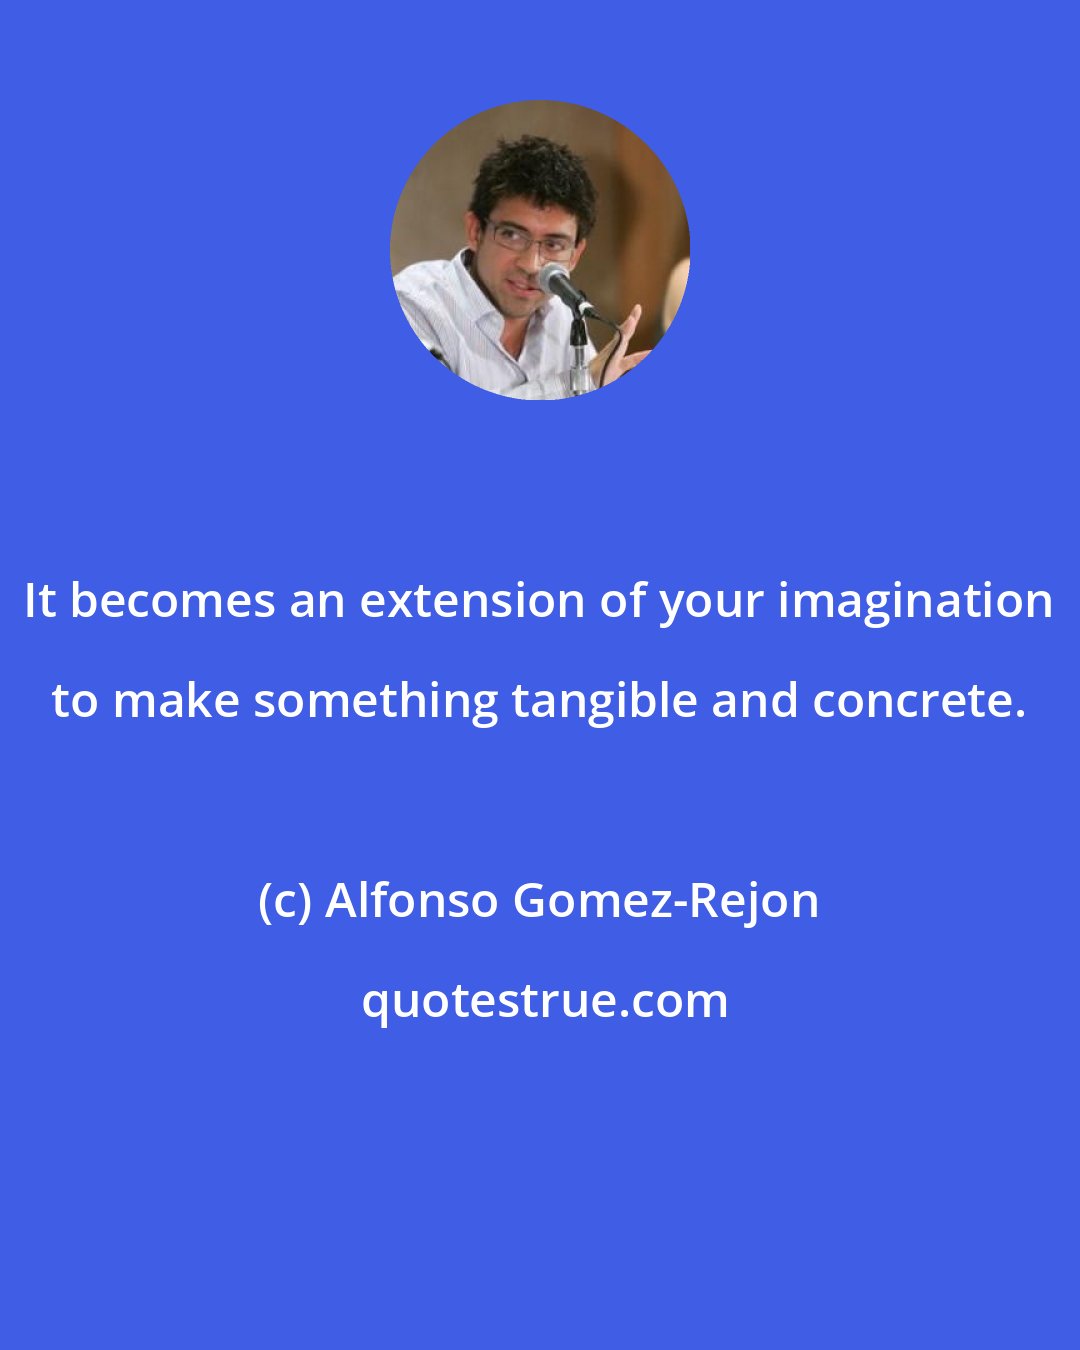 Alfonso Gomez-Rejon: It becomes an extension of your imagination to make something tangible and concrete.
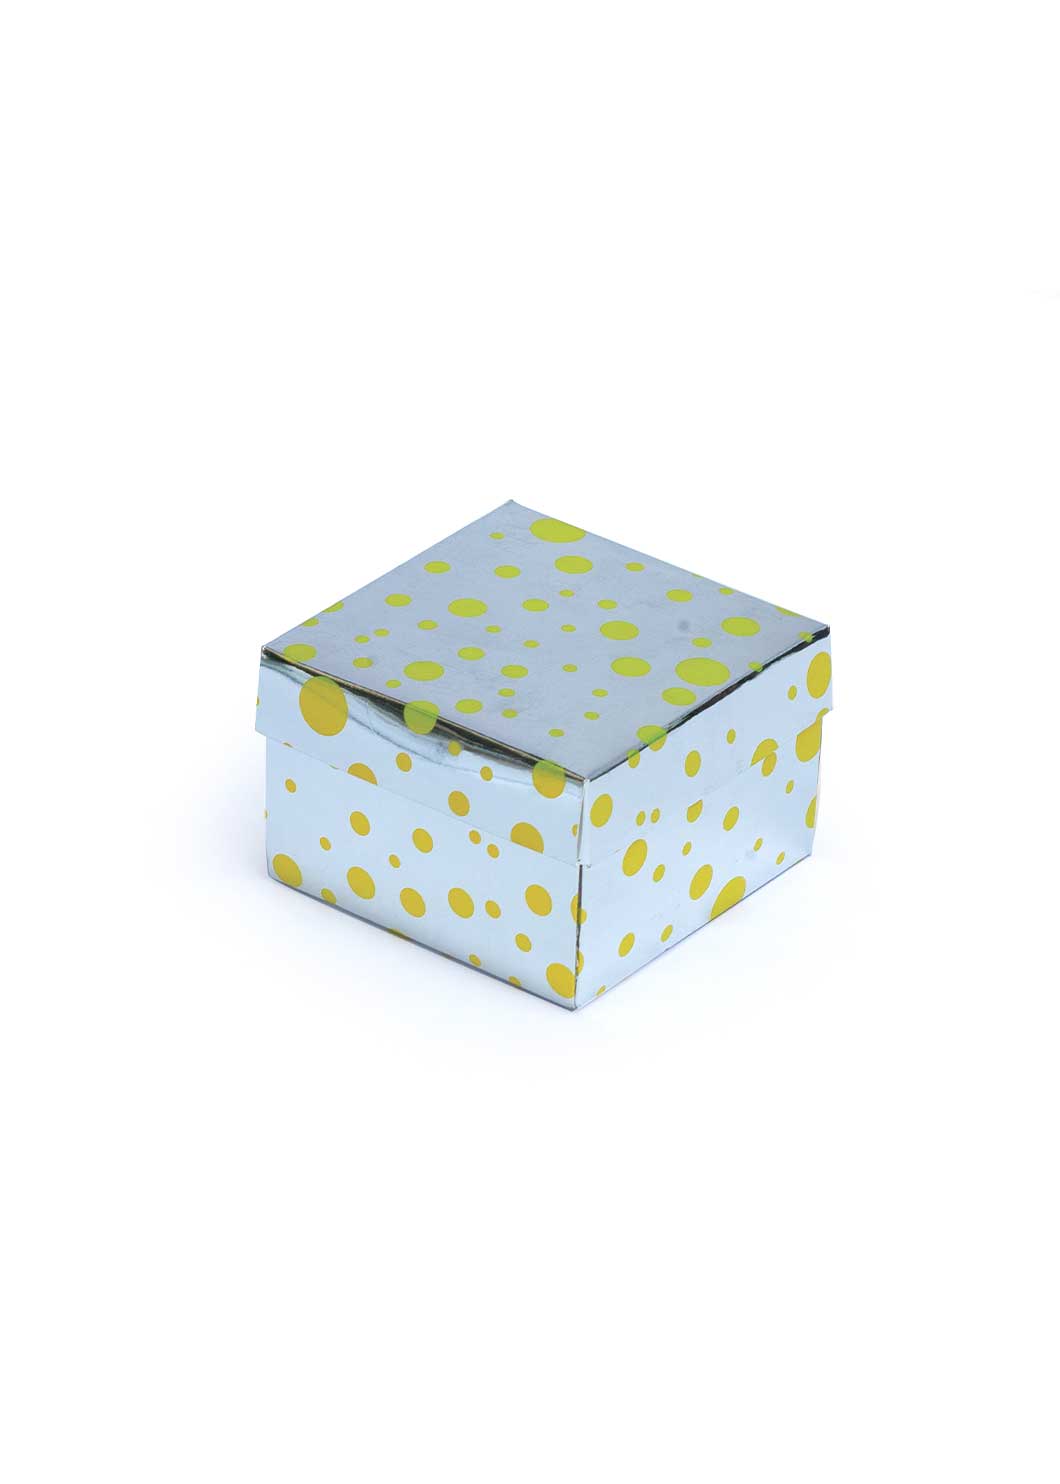 Plain Block Dotted Shine Design Box for Packing - Shiny Gift Box - Silver Gift Box
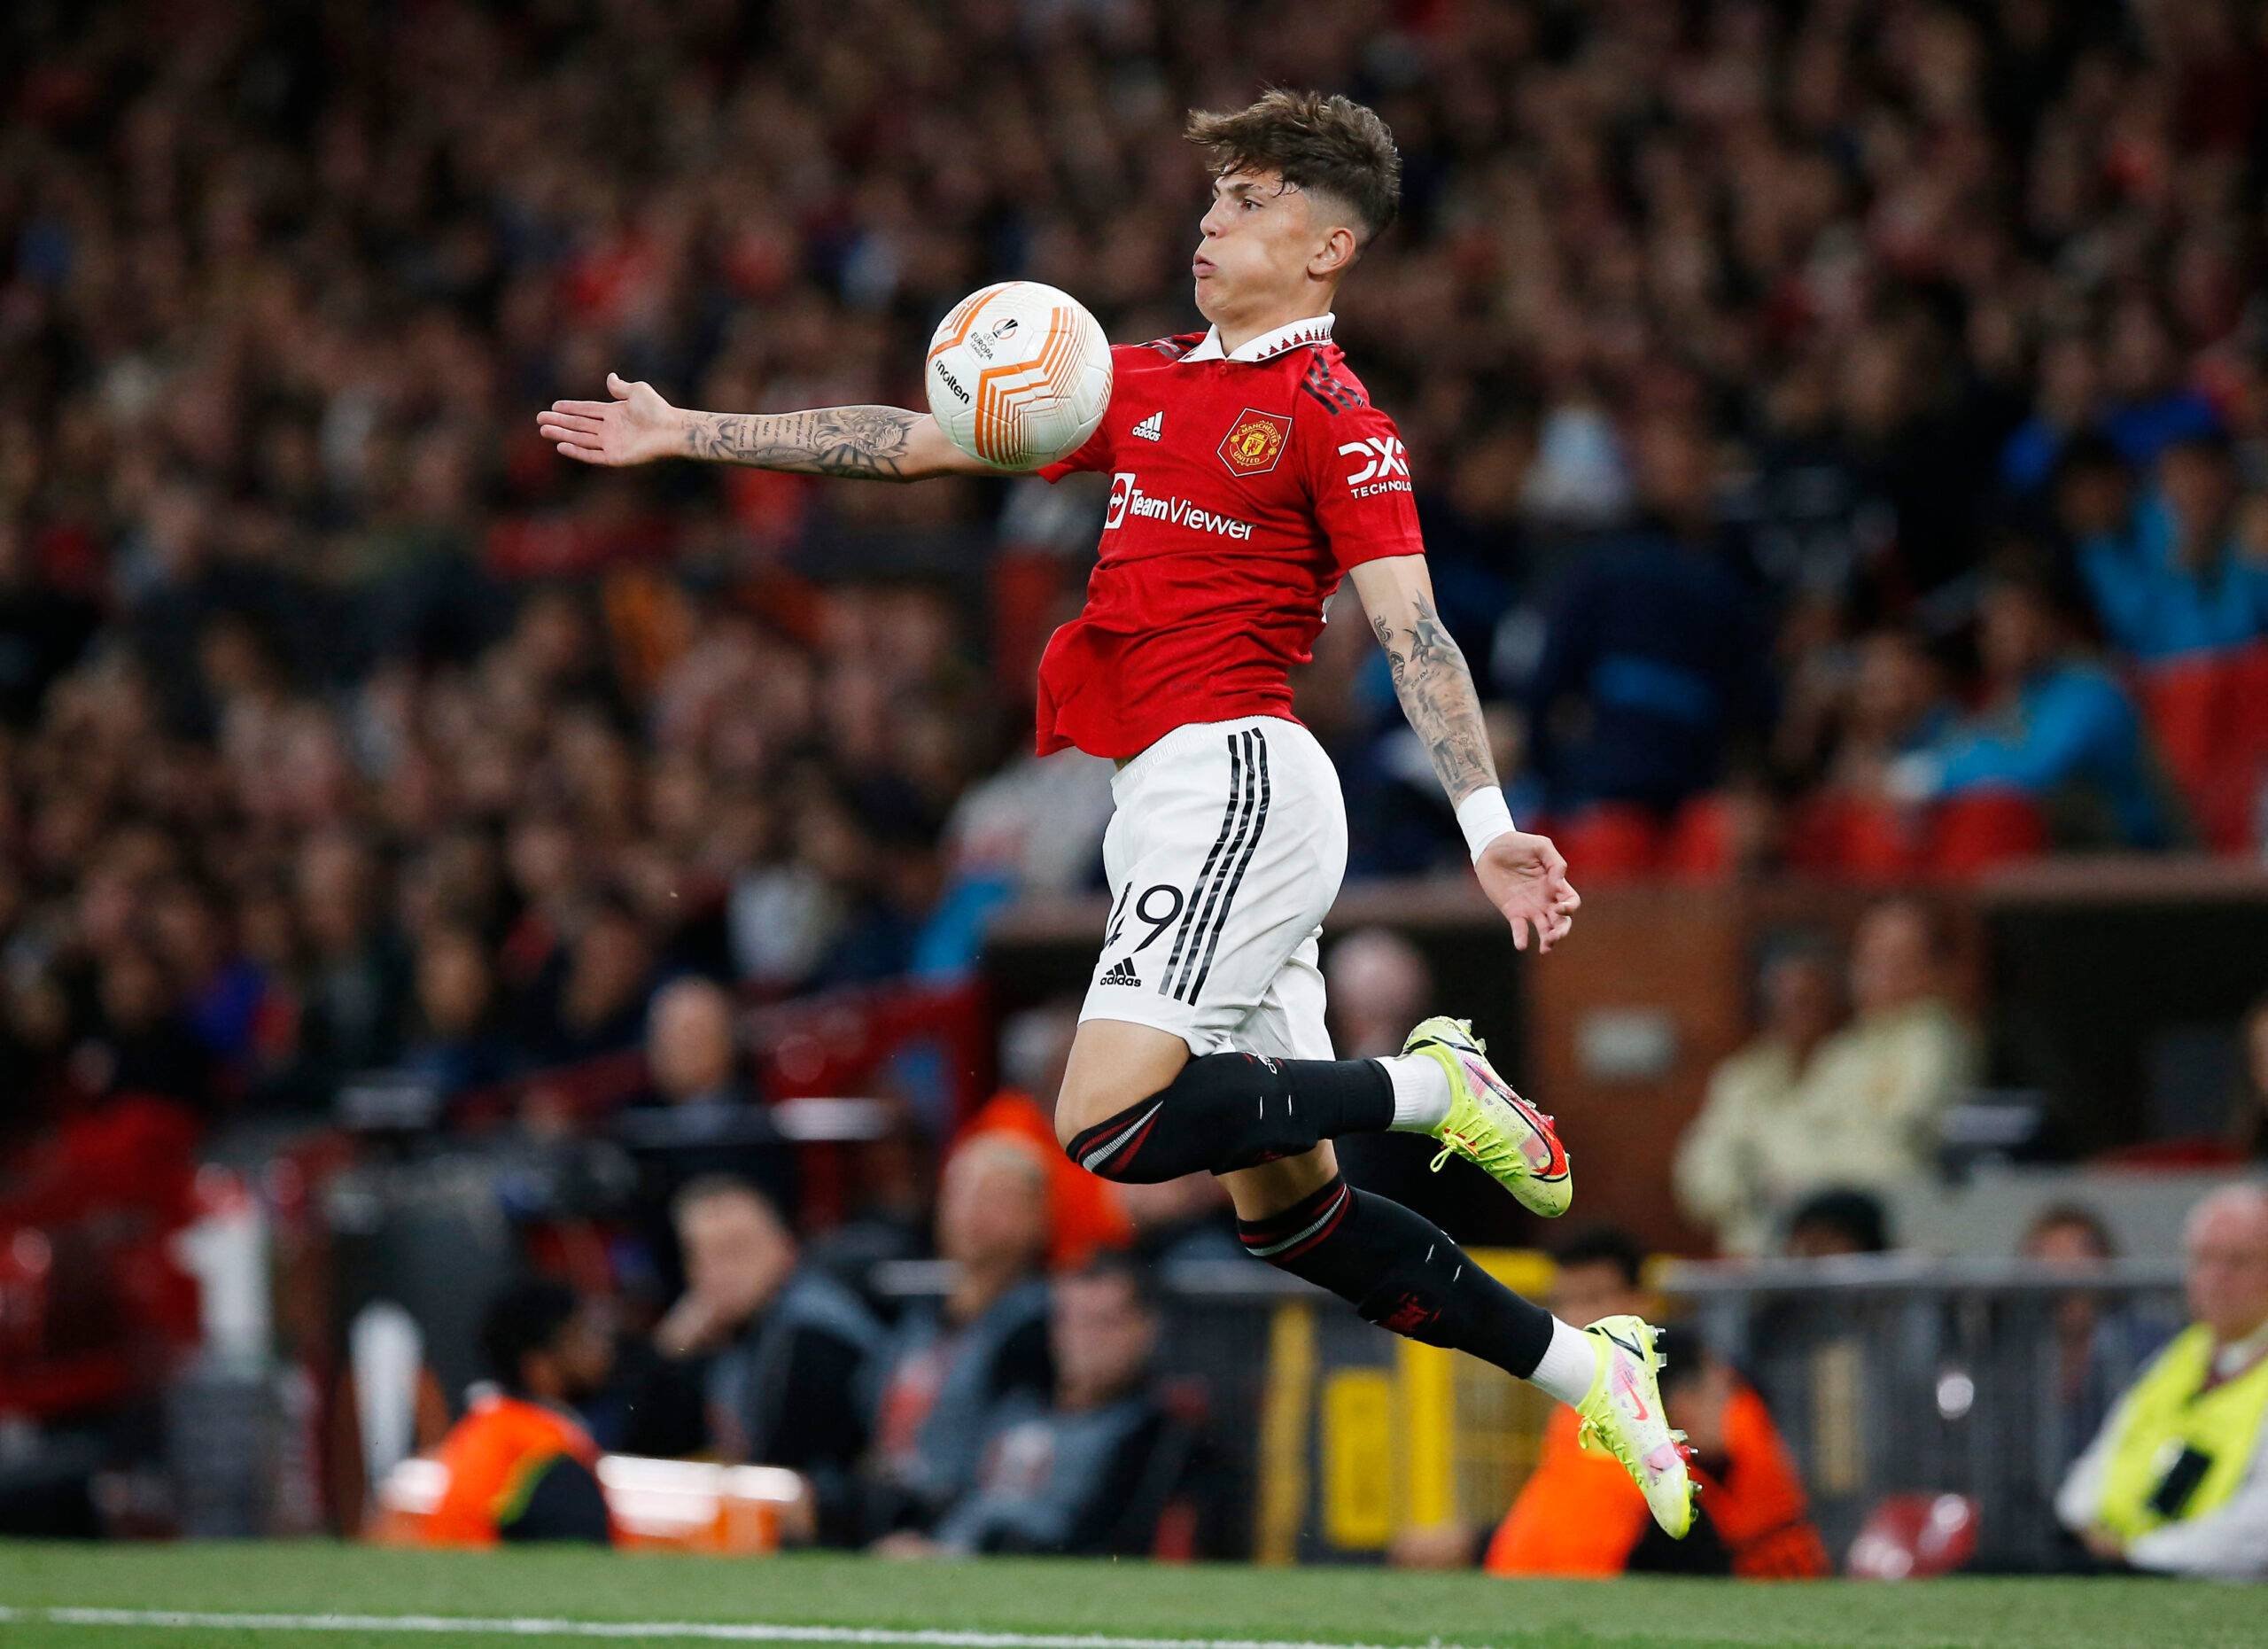 Erik Ten hag has asked Man Utd to give contract extension to Old Trafford's best kid

Prompt
I would like the data above transcribed exactly, with its pictures left out.

Worked solution
 Alfonso Gomez-Rejon: It becomes an extension of your imagination to make something tangible and concrete.
 Plain Block Dotted Shine Design Box for Packing - Shiny Gift Box - Silver Gift Box
 Erik Ten hag has asked Man Utd to give contract extension to Old Trafford's best kid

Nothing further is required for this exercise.